Intervención desesperada para frenar el dólar
El cierre del año encontró a los mercados financieros presionando al alza el tipo de cambio, en un contexto marcado por la incertidumbre sobre la capacidad del Gobierno para hacer frente a sus obligaciones. Durante las últimas jornadas de diciembre, el Tesoro realizó ventas masivas de divisas para evitar que el dólar mayorista perforara el techo informal de $1.457.
El lunes previo al fin de año, el volumen operado en el mercado oficial alcanzó los 902 millones de dólares, una cifra extraordinaria incluso para días de alta volatilidad. Analistas del mercado atribuyeron esta cifra inusual a la intervención directa del Tesoro Nacional, que habría vendido entre 250 y 300 millones de dólares para contener la escalada.
El analista Christian Buteler resumió la situación: el dólar mayorista cerró en $1.457 con un aumento del 0,31%, con un fuerte volumen operado y el Tesoro vendiendo para evitar que se acerque al techo de la banda, de modo que terminó la jornada a 4,3% de la banda superior.
Esta intervención tuvo consecuencias inmediatas en el mercado de pesos. La tasa de caución a un día (el interés interbancario a cortísimo plazo) se disparó hasta tocar el 140% anual, un nivel que refleja la desesperación de los inversores por dolarizarse.
La caución había marcado un promedio de 31,5% TNA (Tasa Nominal Anual), desde el 21,4% del lunes anterior, según señaló Hernán Letcher, director del Centro de Economía Política Argentina (CEPA).
Letcher identificó un patrón que se viene repitiendo desde el anuncio del nuevo esquema cambiario: el Tesoro compra dólares en bloque para luego venderlos cuando aumenta la demanda de cobertura cambiaria. El objetivo, según su análisis, es mantener la cotización contenida en $1.450, pero como consecuencia de la absorción de pesos, las tasas suben vertiginosamente.
El economista Gabriel Caamaño, de la consultora Outlier, ofreció otra explicación técnica del fenómeno. Descartó que la suba de tasas responda a una escasez de pesos, argumentando que la demanda transaccional ya está aflojando.
En su análisis, la reciente flexibilización del esquema de bandas cambió las expectativas sobre el tipo de cambio hacia 2026, y como esa corrección no se refleja en el precio actual del dólar, se traslada a la tasa de interés.
Paralelamente, las reservas internacionales del Banco Central cayeron 1.700 millones de dólares. La explicación oficial atribuyó esta caída a necesidades de los bancos comerciales de fin de mes, que supuestamente se restituirían el primer día hábil del mes siguiente.
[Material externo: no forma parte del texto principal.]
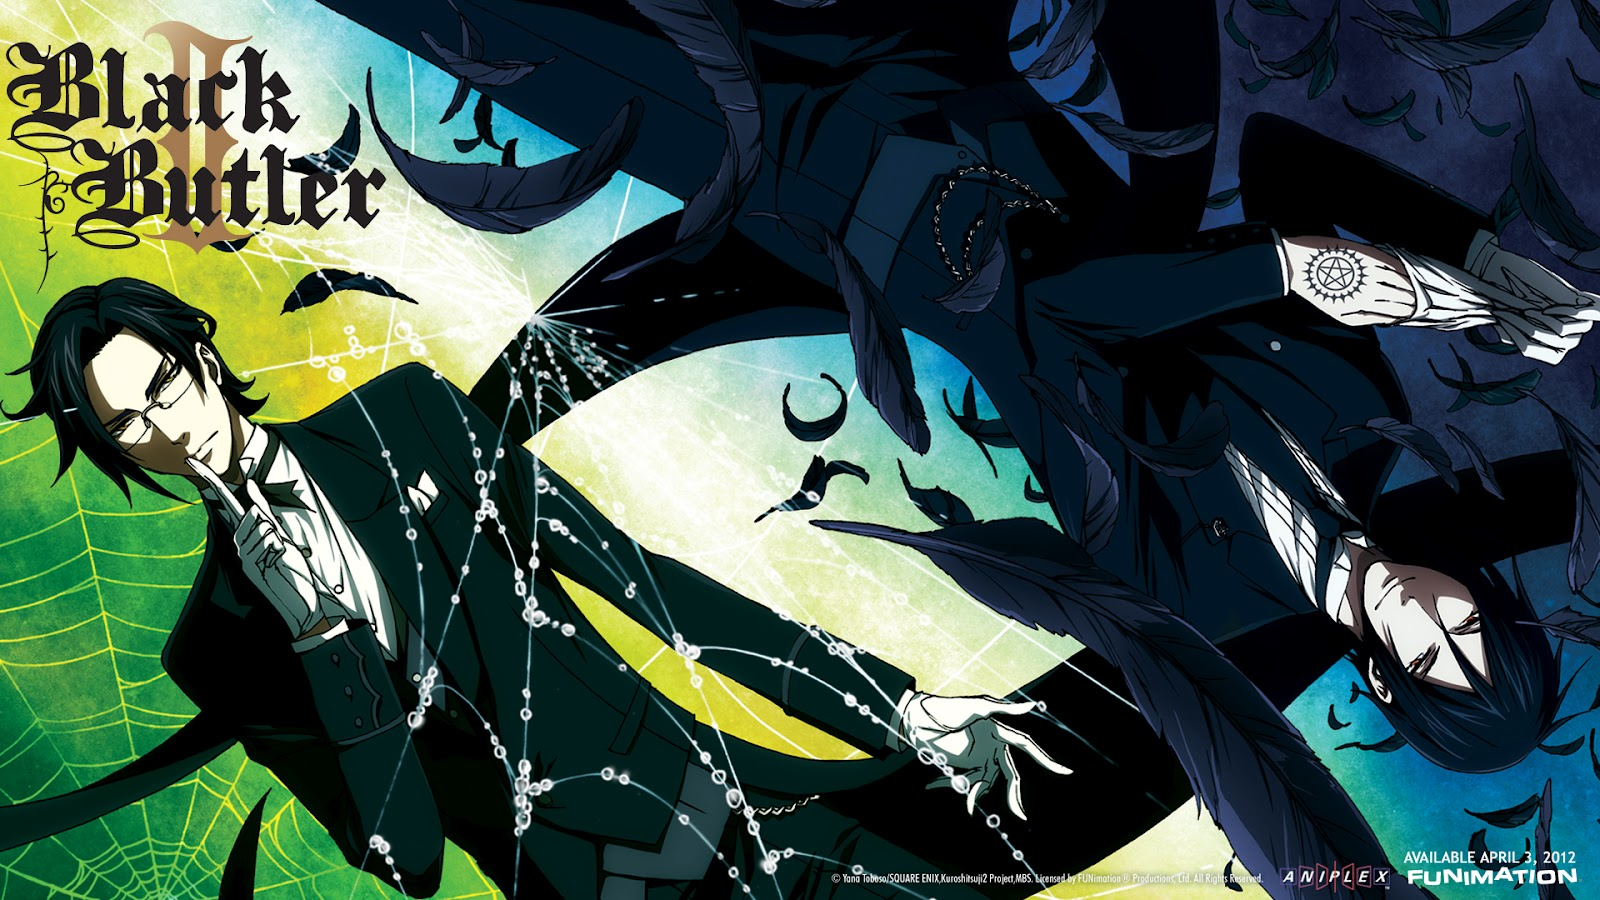 Black Butler Wallpaper 4 by Datfoxthou Black Butler Wallpaper 4 by Datfoxthou
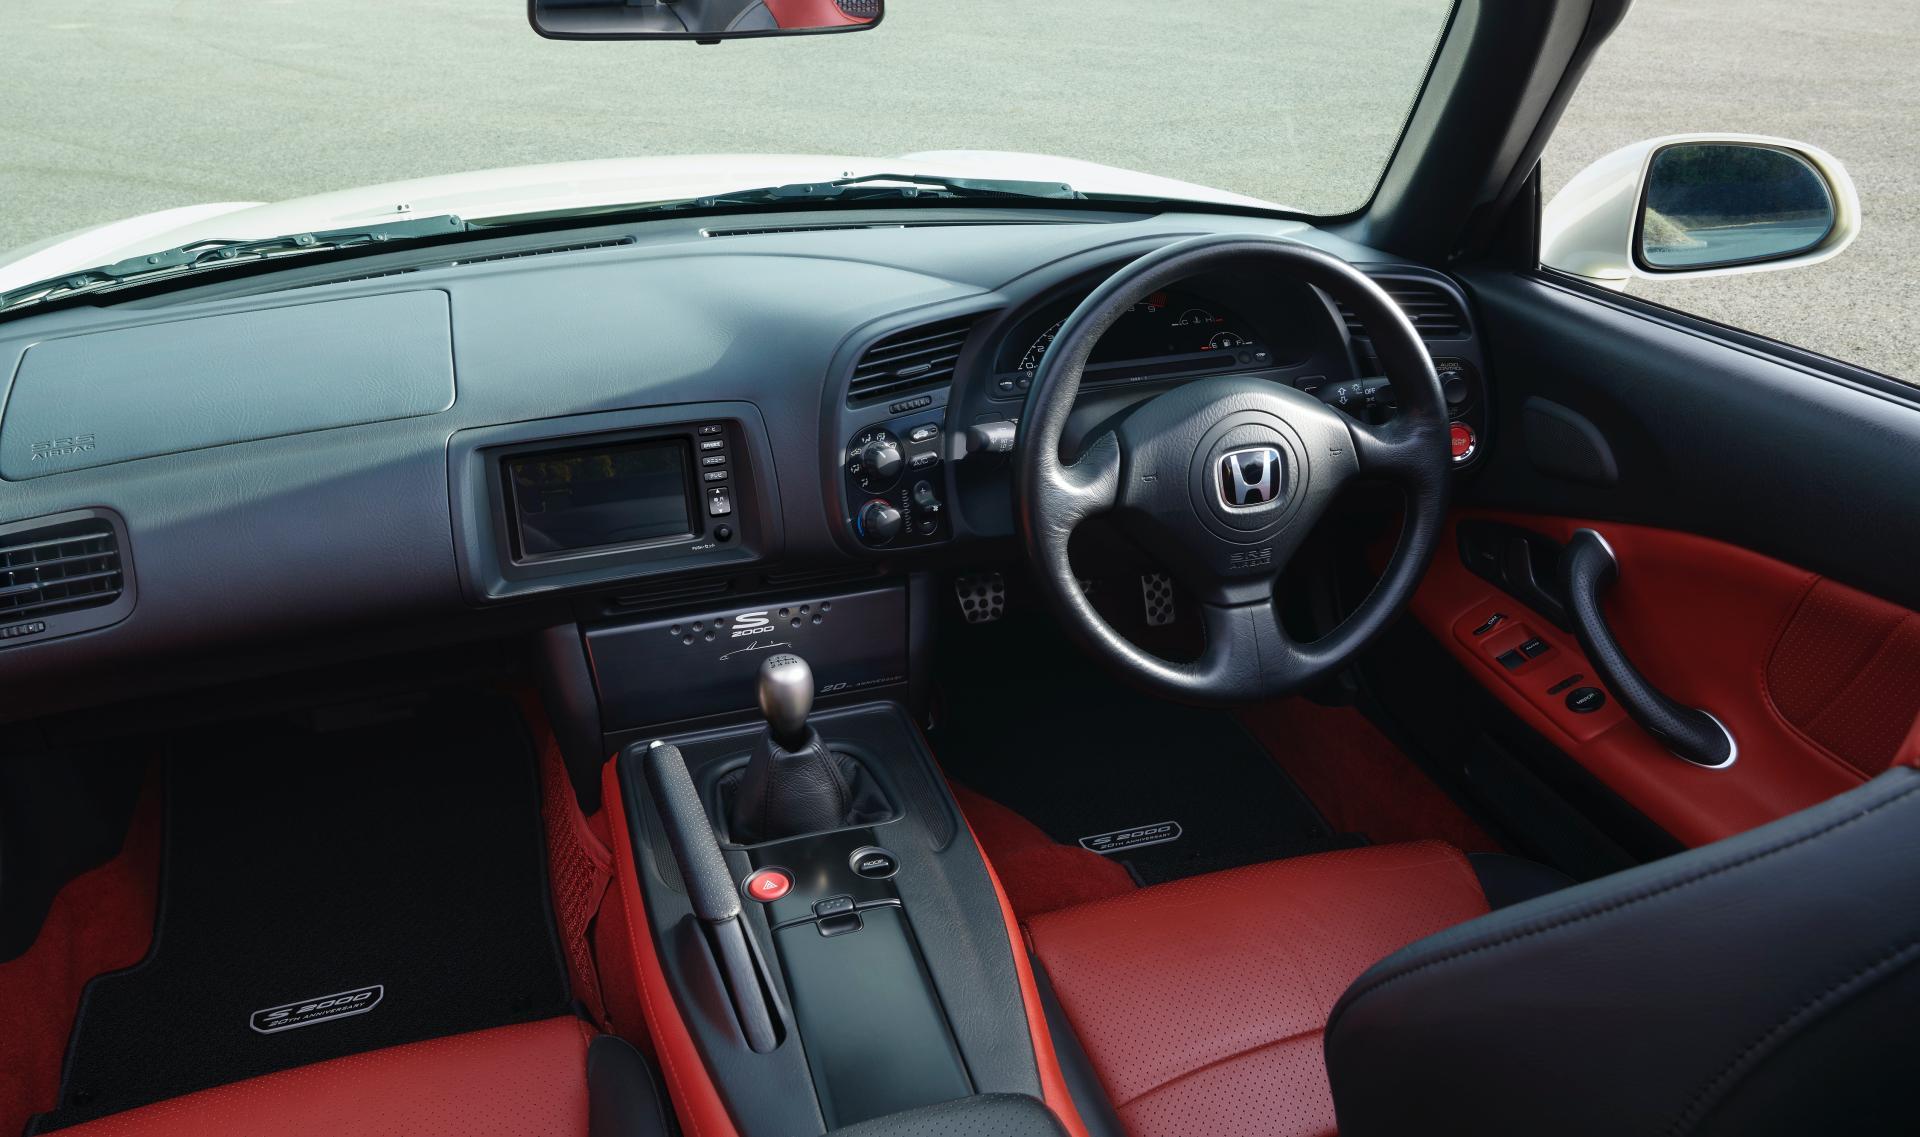 Honda-S2000-20th-Anniversary-genuine-accessories-9

Sin embargo, operadores del mercado recordaron que “este fenómeno no existía antes del gobierno de Milei”. Vale mencionar que la aprobación del Presupuesto 2026 tampoco generó el entusiasmo esperado. Aunque la jornada había iniciado con subas moderadas en el mercado accionario, el impulso se diluyó rápidamente.
Los analistas explicaron que la aprobación ya estaba incorporada en los precios, y que ahora pesan más las dudas sobre la consistencia del esquema financiero ante las evidentes dificultades para cumplir con los vencimientos de deuda.
Y es que además la realidad se llevó por delante las proyecciones que hizo Casa Rosada en septiembre (cuando escribió el articulado de la Ley de Leyes). Sin ir más lejos, la inflación anual esperada para el año que viene sería del 10,1% (mientras que las consultoras privadas más conservadoras hablan de más de un 20%).
En cuanto al dólar, se supone que el tipo de cambio oficial mayorista llegaría en $1.423 para diciembre, una cifra que ya se encuentra muy por debajo del valor de la divisa en la actualidad. En un acto parlamentario incomprensible, el oficialismo y sus aliados eligieron votar a favor del presupuesto sin siquiera cuestionar esta proyección.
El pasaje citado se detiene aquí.